• [What you will do]:
The whole listing is to be written out again exactly; the pictures are not.

• [Given data]:
Start of Block

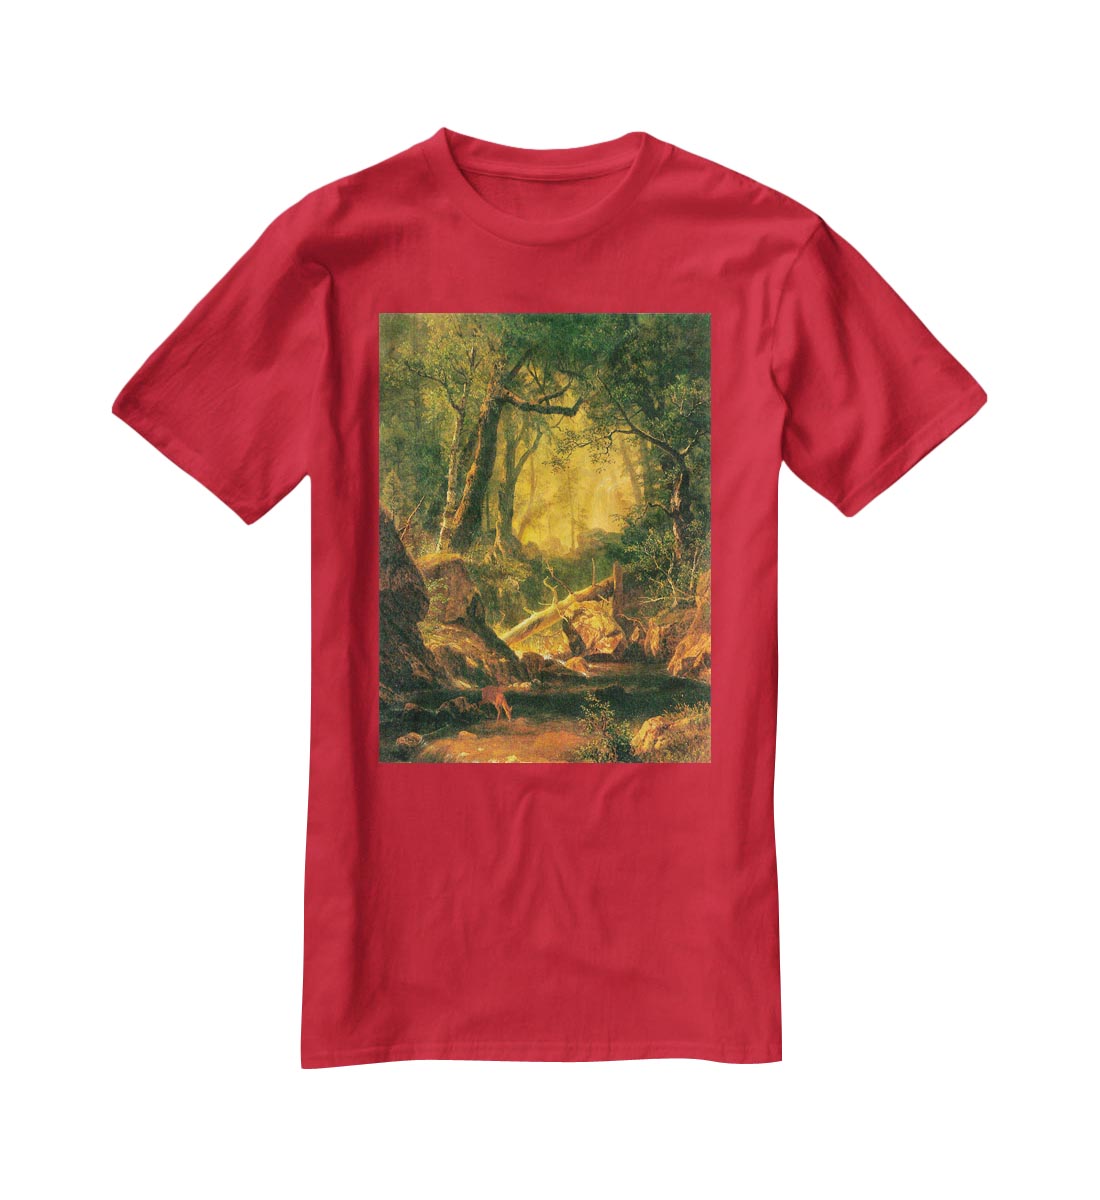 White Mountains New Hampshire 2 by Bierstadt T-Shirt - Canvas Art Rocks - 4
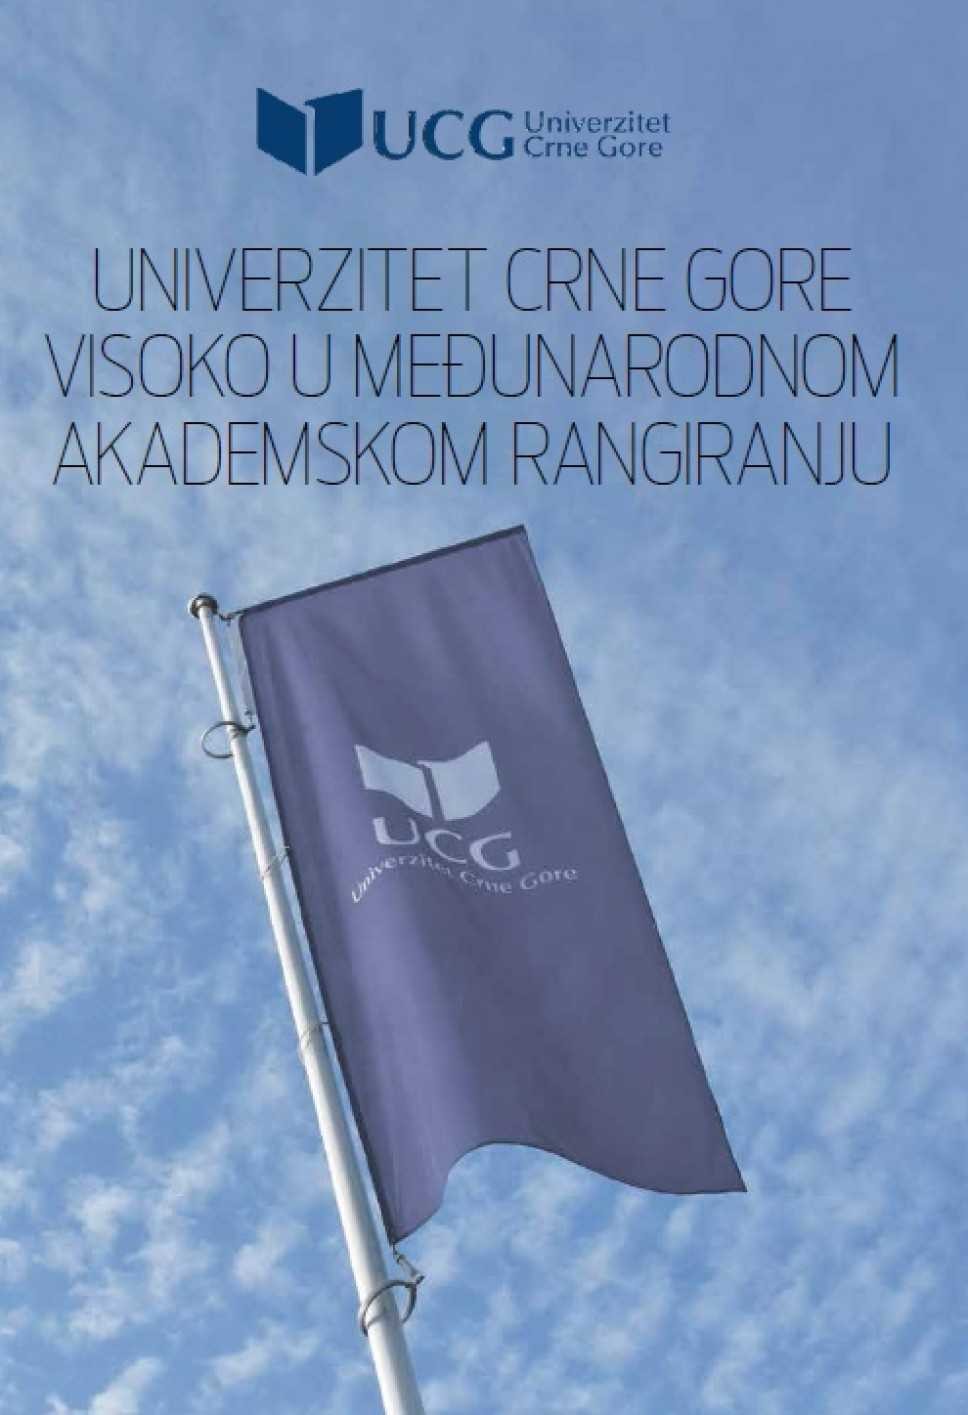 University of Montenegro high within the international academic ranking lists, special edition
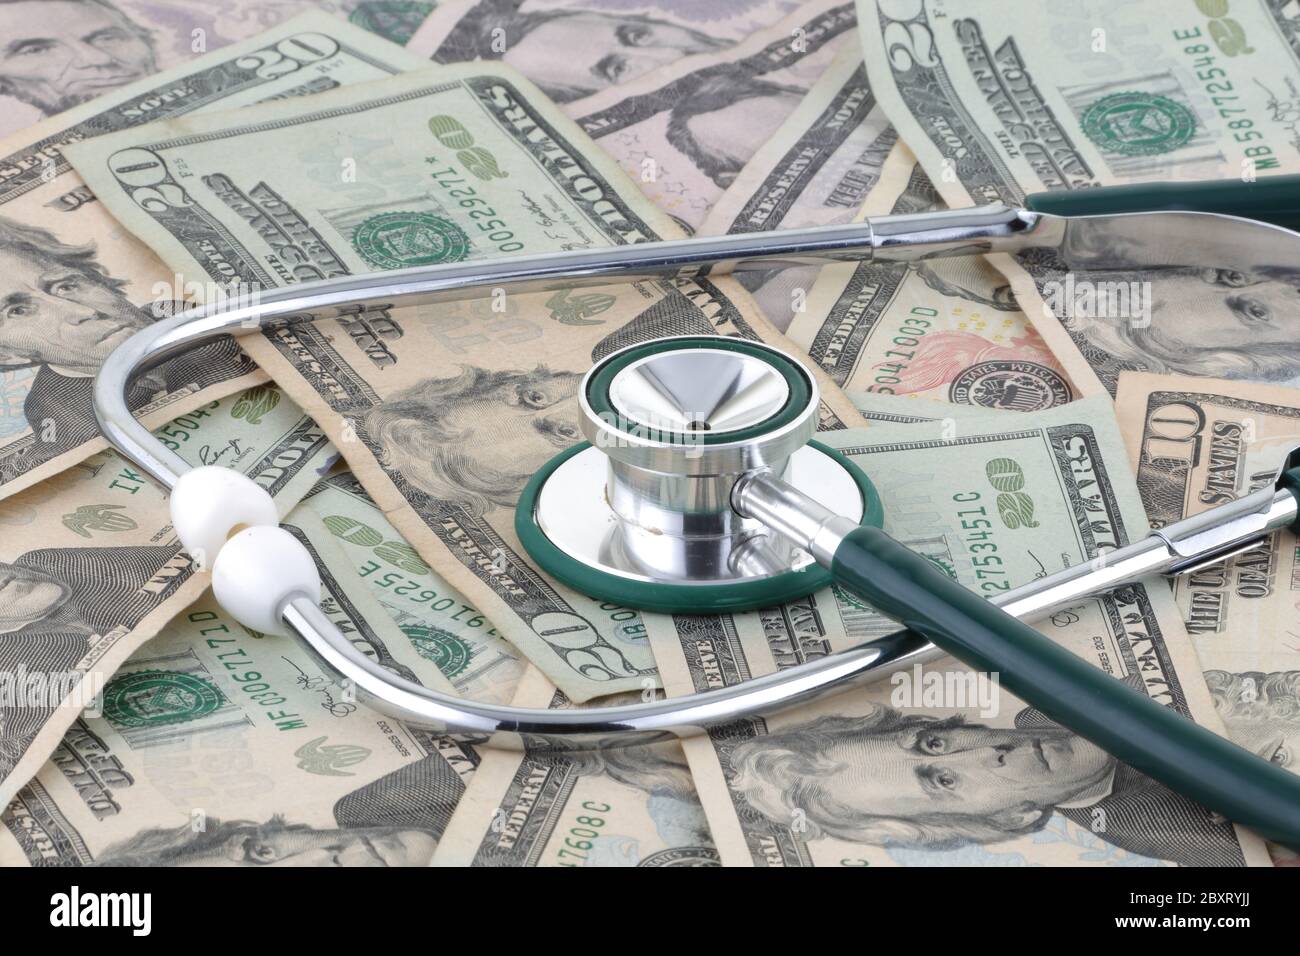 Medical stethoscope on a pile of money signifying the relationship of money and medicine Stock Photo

End of Block

• [Answer section]:
 White Mountains New Hampshire 2 by Bierstadt T-Shirt - Canvas Art Rocks - 4
 University of Montenegro high within the international academic ranking lists, special edition
 Medical stethoscope on a pile of money signifying the relationship of money and medicine Stock Photo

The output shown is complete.